I don’t think you can succesfully sue with such caveat emptor.

ant6n · 2025-01-29T20:31:54 1738182714

What’s the liability insurance of the AI like

baq · 2025-01-29T22:21:47 1738189307

Refer to IBM’s 1979 slide for details on that

Davidzheng · 2025-01-29T21:21:41 1738185701

I view it as a positive that the methodology can take in more compute (bitter lesson style)

optimalsolver · 2025-01-29T18:42:54 1738176174

But can o3 write a symphony?

Seriously though, I'd like to hear suggestions on how to automatically evaluate an AI model's creativity, no humans in the loop.

gsam · 2025-01-29T21:31:43 1738186303

In my view there's two modes of creativity:

1. That two distant topics or ideas are actually much more closely related. The creative sees one example of an idea and applies it to a discipline that nobody expects. In theory, reduction of the maximally distant can probably be measured with a tangible metric.

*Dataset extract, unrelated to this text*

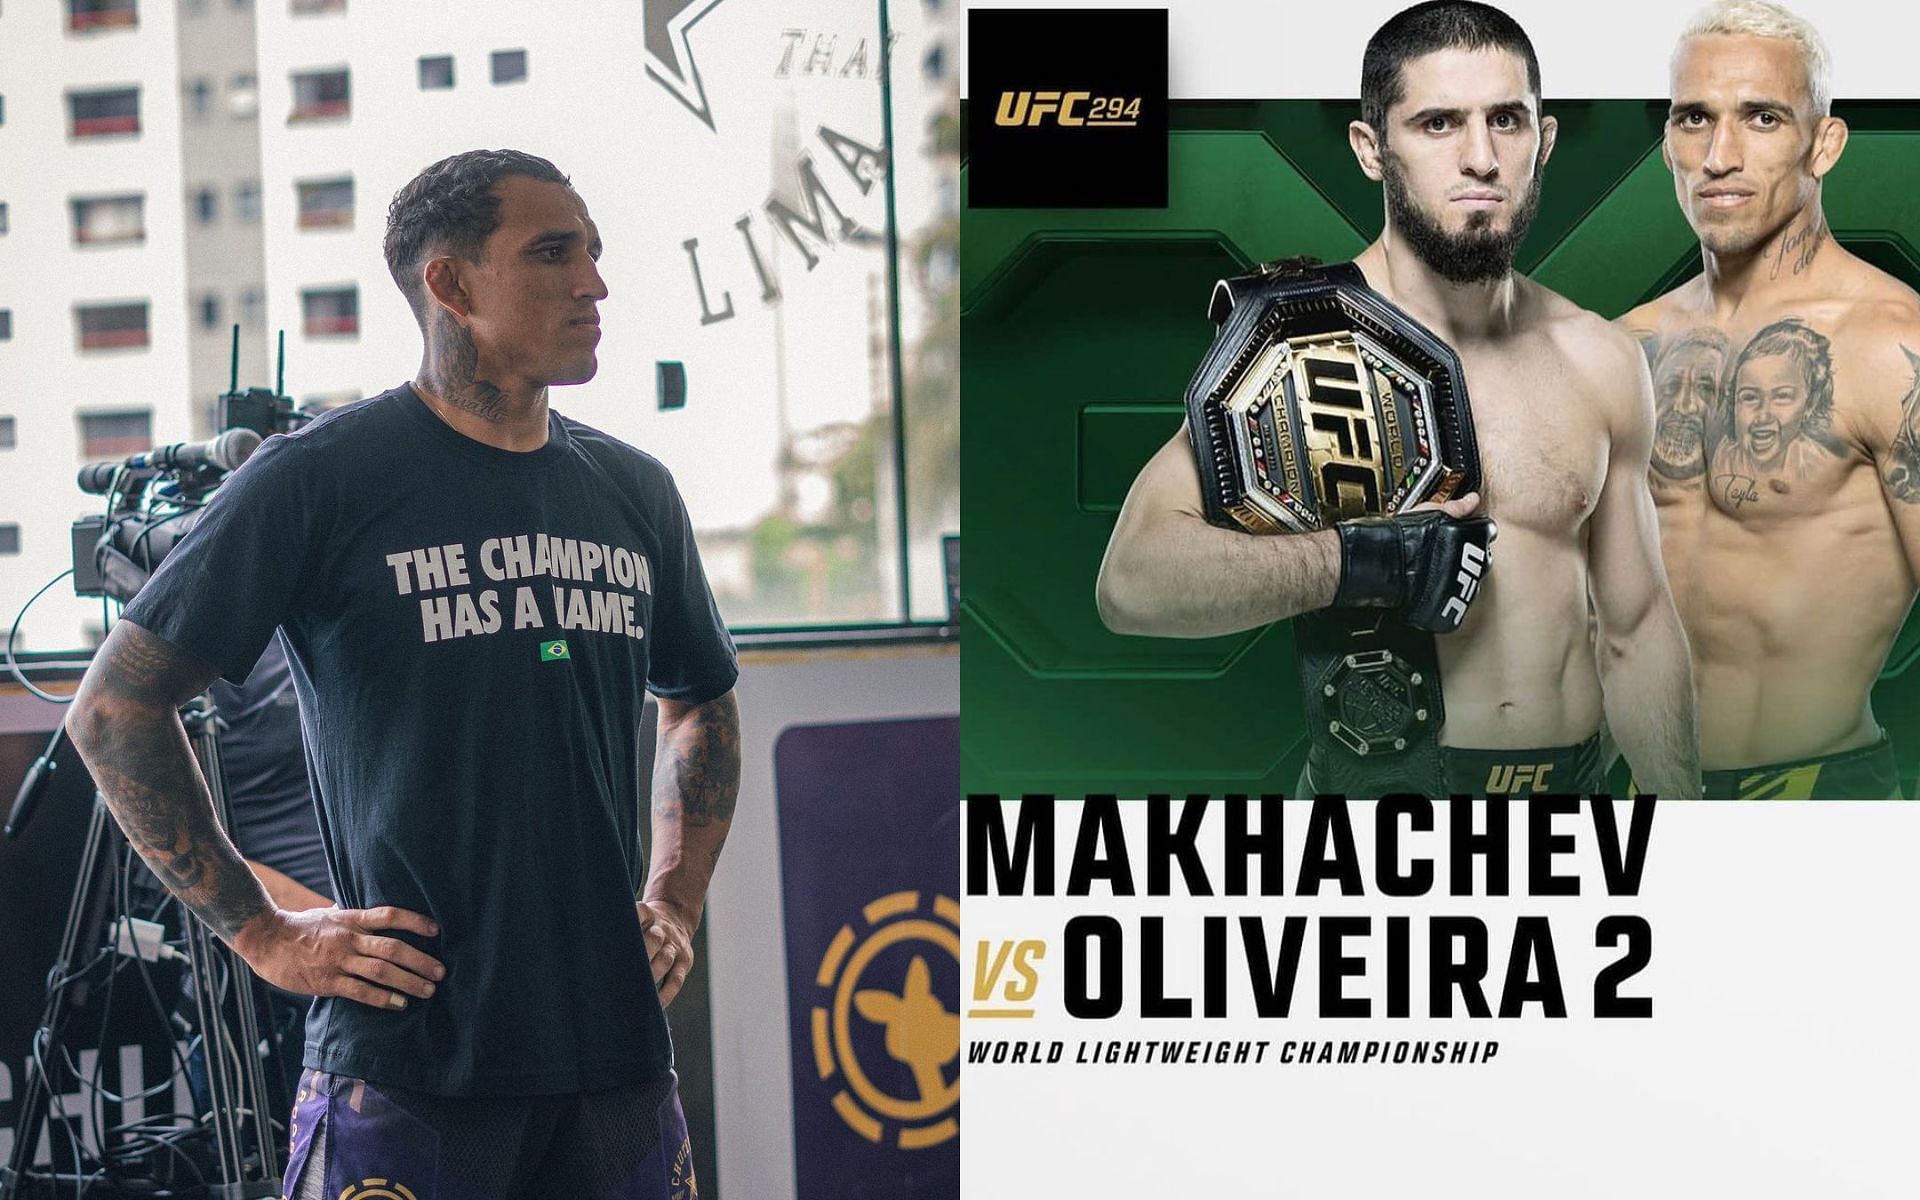 Charles Oliveira (left) and Fight poster for Makhachev vs Oliveira 2 (right) (Image credits @charlesdobronxs on Instagram)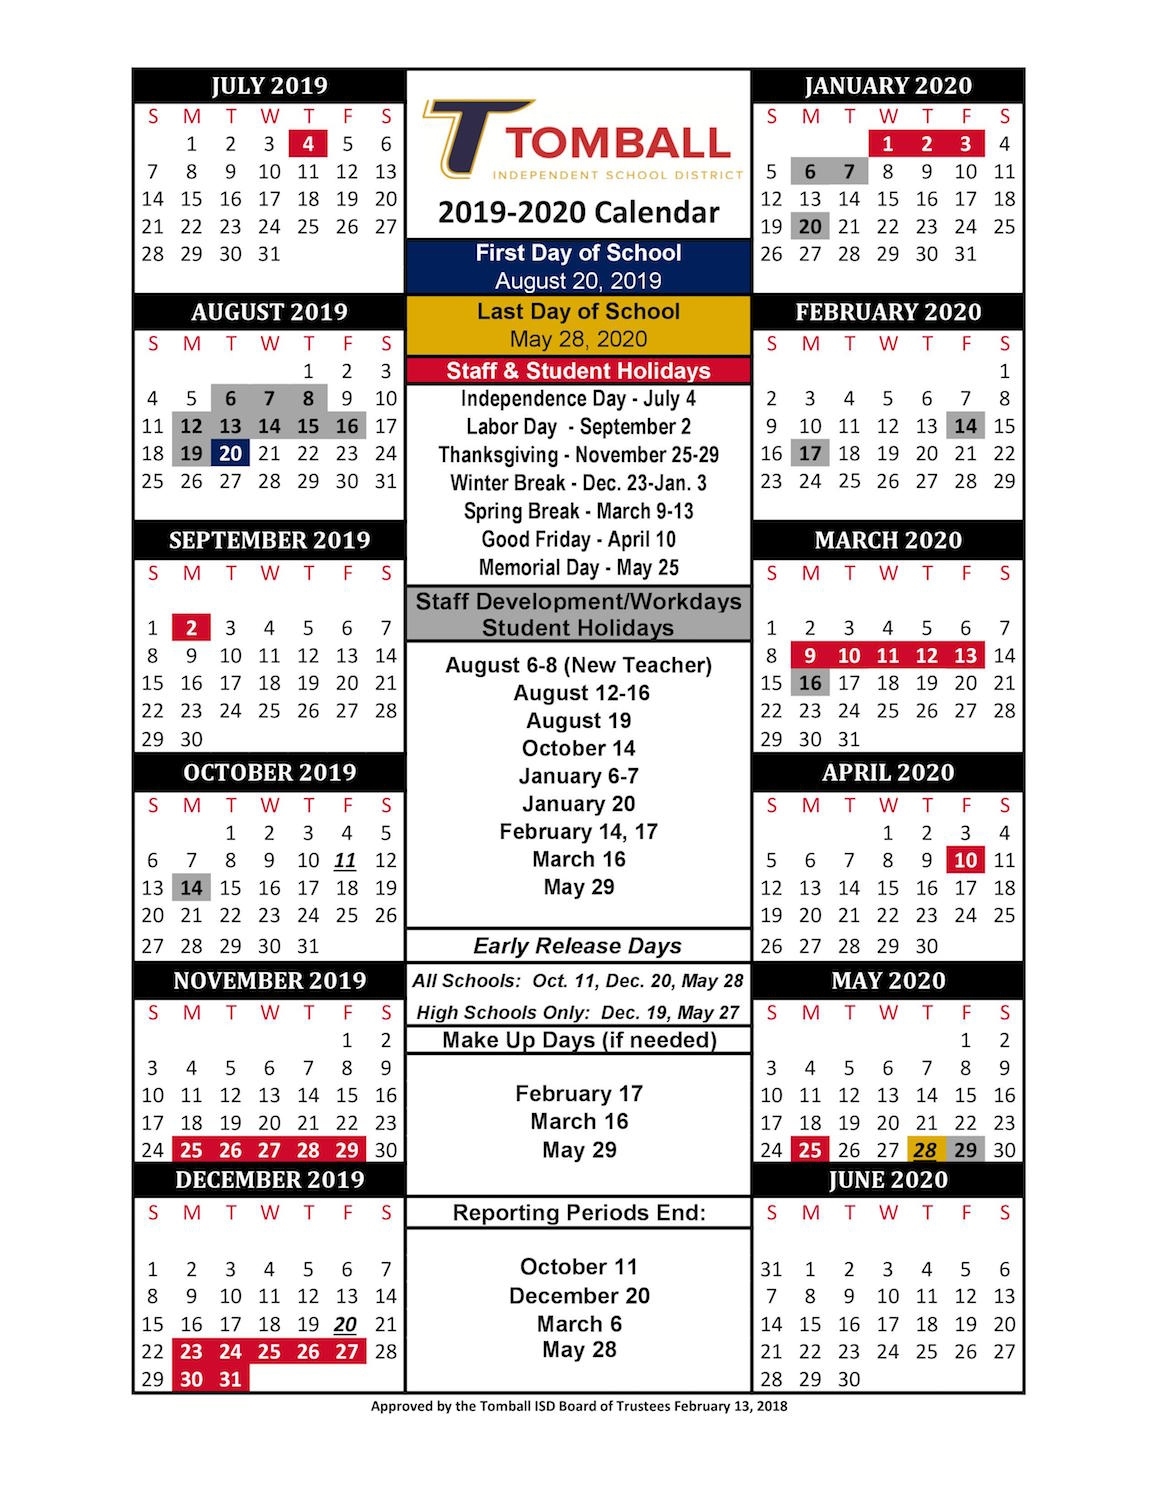 Take A Look At The 2019-20 Calendar For Tomball Isd Extraordinary School Calendar Tomball Isd

2. Discovery of ideas that are even more maximally distant. Pushing the edge, and this can be done by pure search and randomness actually. But it's no good if it's garbage. The trick is, what is garbage? That is very context dependent.

(Also, a creative might be measured on the efficiency of these metrics rather than absolute output)

docfort · 2025-01-30T12:20:09 1738239609

Terry Tao has referred to this classification system as foxes vs hedgehogs. https://en.m.wikipedia.org/wiki/The_Hedgehog_and_the_Fox

fragmede · 2025-01-29T18:59:31 1738177171

we'd have to create a numerical scale for creativity, from boring to Dali, with milliEschers and MegaGeigers somewhere in there as well

rpastuszak · 2025-01-29T19:23:35 1738178615

It's essential that we quantify everything so that we can put a price on it. I'd go with Kahlograms though.

johnfn · 2025-01-29T19:35:38 1738179338

Have you tried suno.ai?

Vampiero · 2025-01-30T00:05:48 1738195548

Have _you_? It lost its novelty after a couple of days.

drusepth · 2025-01-30T22:53:41 1738277621

I probably listen to Suno (both my own songs, and songs other people have created) about as often as I listen to Spotify, these days.

baq · 2025-01-29T20:44:56 1738183496

LLMs have read everything humans made so just ask one if there’s anything truly new in that freshly confabulated slop-phony.